Calvin and Susan play a Number-Game #2

Set S: Numbers Susan writes; Set C: Numbers Calvin writes

Since 1 translates to 112 and 2 translates to 111, Set S has 3 times the number of elements in Set C. Set S is a translation/mapping of Set C. Thus, first 2187 numbers of Set S are a translation of first 729 numbers of Set C. But, the first 2187 numbers of both Sets are equal! Thus, the 2187 numbers of Set C is a translation of its first 729 numbers. Similarly, the first 729 numbers of Set C is a translation of its first 243 numbers. (Same logic: First 729 numbers of Set C= first 729 numbers of Set S. But, the first 729 numbers of Set S= translation of first 243 numbers of Set C. Therefore, the first 729 numbers of Set C = translation of first 243 numbers of Set C)

From now on, the set under consideration is always Set C unless specified otherwise. The first number is 1, since both sets have to have the same first number. The 3rd term is 2, since 1 would translate into 112. The 9th term is 1, since the 3rd term would translate into 111. The 27th term is 1. . . The 729th term is 1. The 2187th term is 2.

It is also to be noted that 2 or more consecutive 2s cannot appear. This is because every part of Set C is a translation of some part before it, and a translation of any of 11, 12, 21 and 22 would not give 2 consecutive 2s.

To find: No. of 5 consecutive 1s. Translation of 11 does not give 5 consecutive 1s. 22 is not present in Set C. Also, every 12 and 21 is actually a 121. (2 consecutive 2s not possible) Translation of a 121 gives 5 consecutive 1s.

To find: No. of 121s in first 729 terms. Since 1st term is a 1, To find: No. 21s in first 729 terms. Also the 729th number is a 1.

Thus the problem reduces to finding the number of 2s in the first 729 terms. Let N(2,729) denote the required number. N(2,729) = N(1,243) (only 1 can translate to give a 2) where N(1,243) is the number of 1s in first 243 terms.
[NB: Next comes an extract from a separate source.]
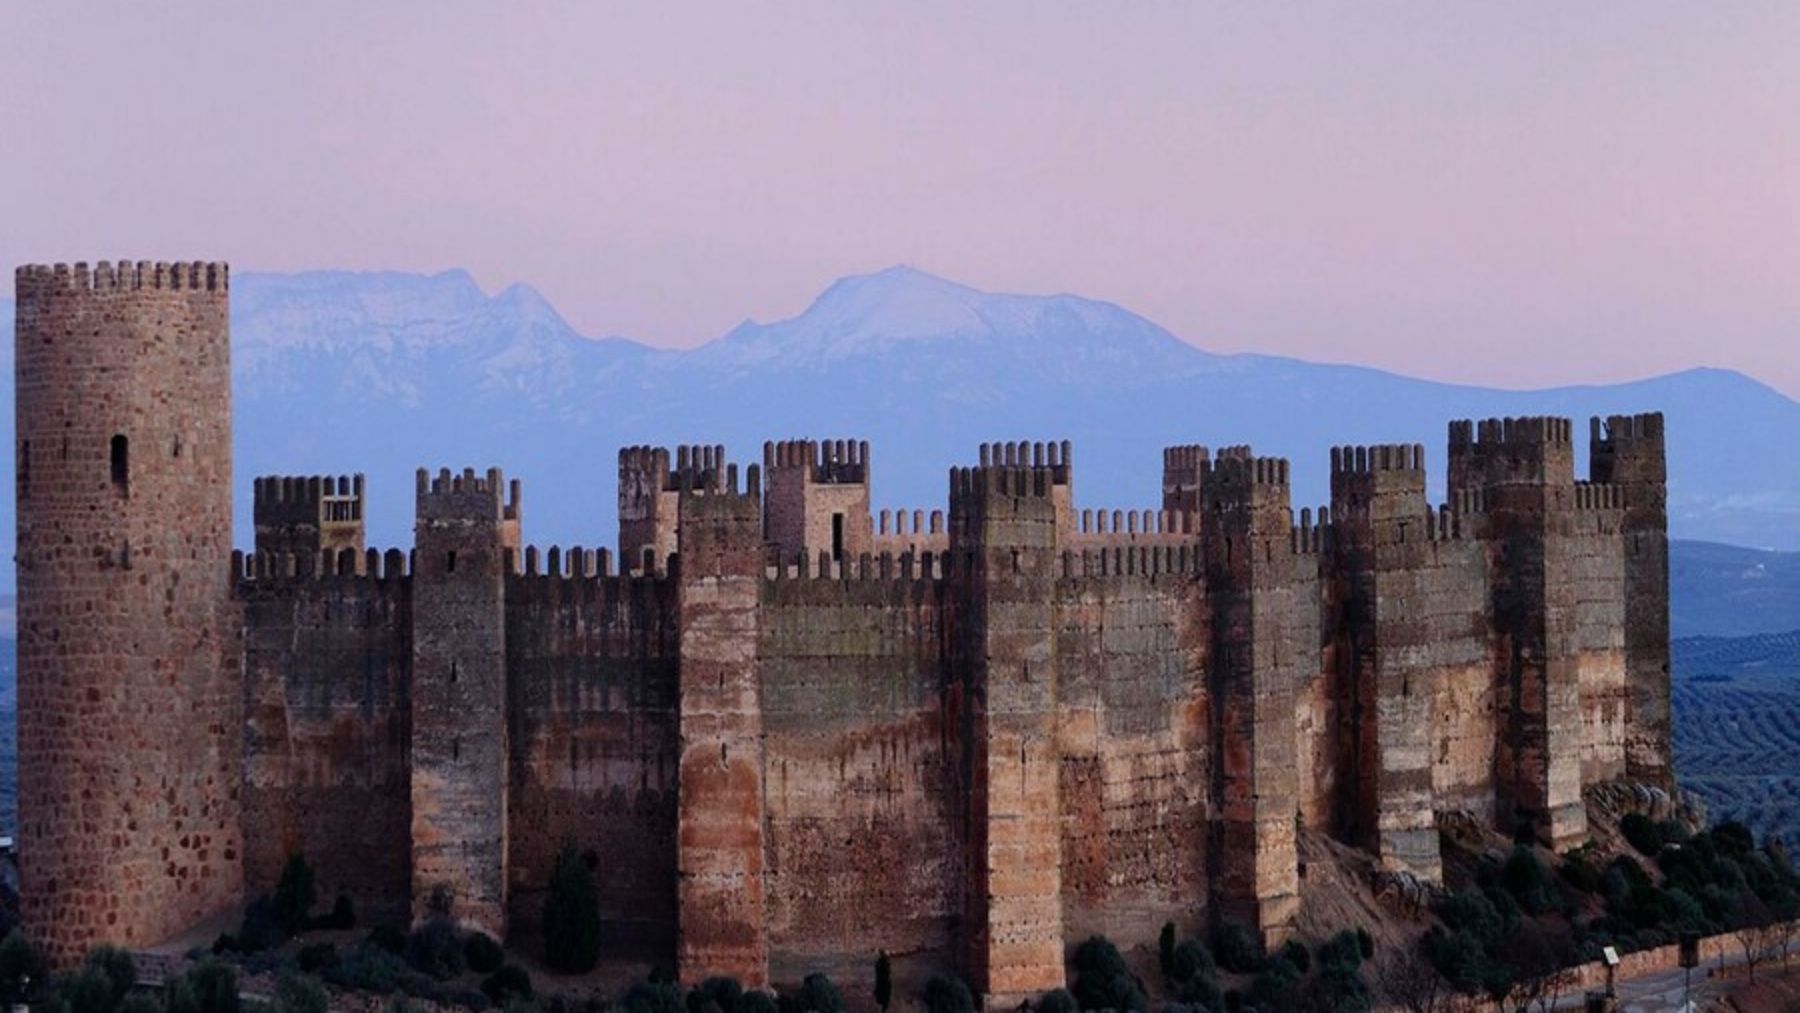 El castillo más antiguo de España que merece una visita de fin de semana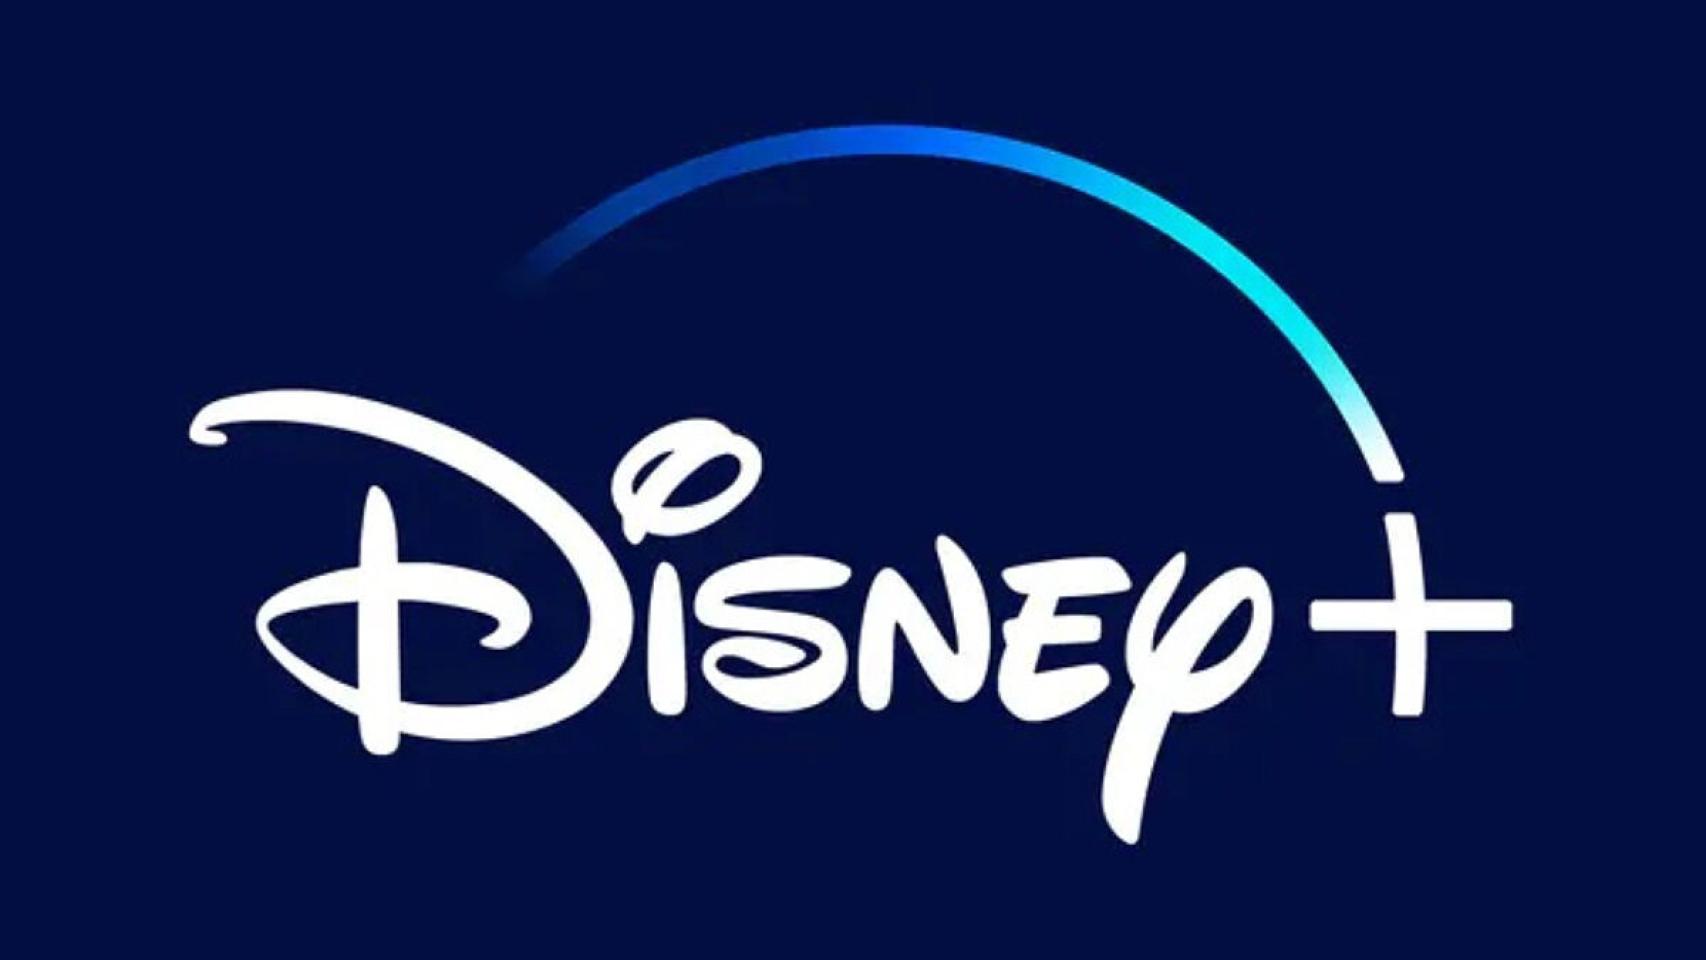 Disney+ anuncia una promoción por tiempo limitado: así se quedaría el precio mensual con la rebaja

N(1,243) = 243 - N(2,243) = 243 - N(1,81) = 243 - 81 + N(2,81) = 162 + N(1,27) = 162 + 27 - N(2,27) = 189 - N(1,9) = 180 - 9 + N(2,9) = 180 + N(1,3) = 180 + 3 - N(1,1) = 182 Since the number of 1s in the first 1 term(s) is 1.

The answer is 182.

1.Here let's assume x=112 and y=111..and now lets find the pattern..The series goes like this..Here the the logic is to find the No. of 'y' as it is always followed by 'x' we would get 5 consecutive 1's.

2.Series goes on like this (xxy)(xxyxxx)(xxyxxyxxxxxyxxyxxy)..Here we can deduce that the odd segments ends with 'y' and the even segments ends with 'x'..Other thing we can deduce is the number of characters in each segment.Here the alpha-numeric characters(x,y) should be 729(as we have divided numeric characters in group of 3), as the numeral characters count is 2187..Pattern is Cn+1=3*Cn (n>1) 3+6+18+54+162+486=729(6 steps).So here we have to find 'y' for just 6 segments.

3.Before counting 'y' we have to know how next segment is establish..Sn+1=2*(write all segments before Sn+1)(alternatively changing the last character for odd segments to 'y' and for even to 'x')..for eg. as (xxy) is our first segment, write it 2 times (xxyxxy) then change last character 'y' to 'x', So (xxyxxx)=2nd segment..and so on..

4.Now No. of 'y' in each segment is Kn+1=2*Sum(Kn)+-1 (0<n<7)(+1 for even and -1 for odd) so we will get 1+1+5+13+41+121=182(6 steps)..Here Sum(Kn)=Sum of K from 0 to 'n'.. So number of times we would get 5 consecutive 1's is 182...

5.Here the rule of changing last character can be proved as "Here in 'x' and 'y' there is just one number different which comes alternatively in the group of 3."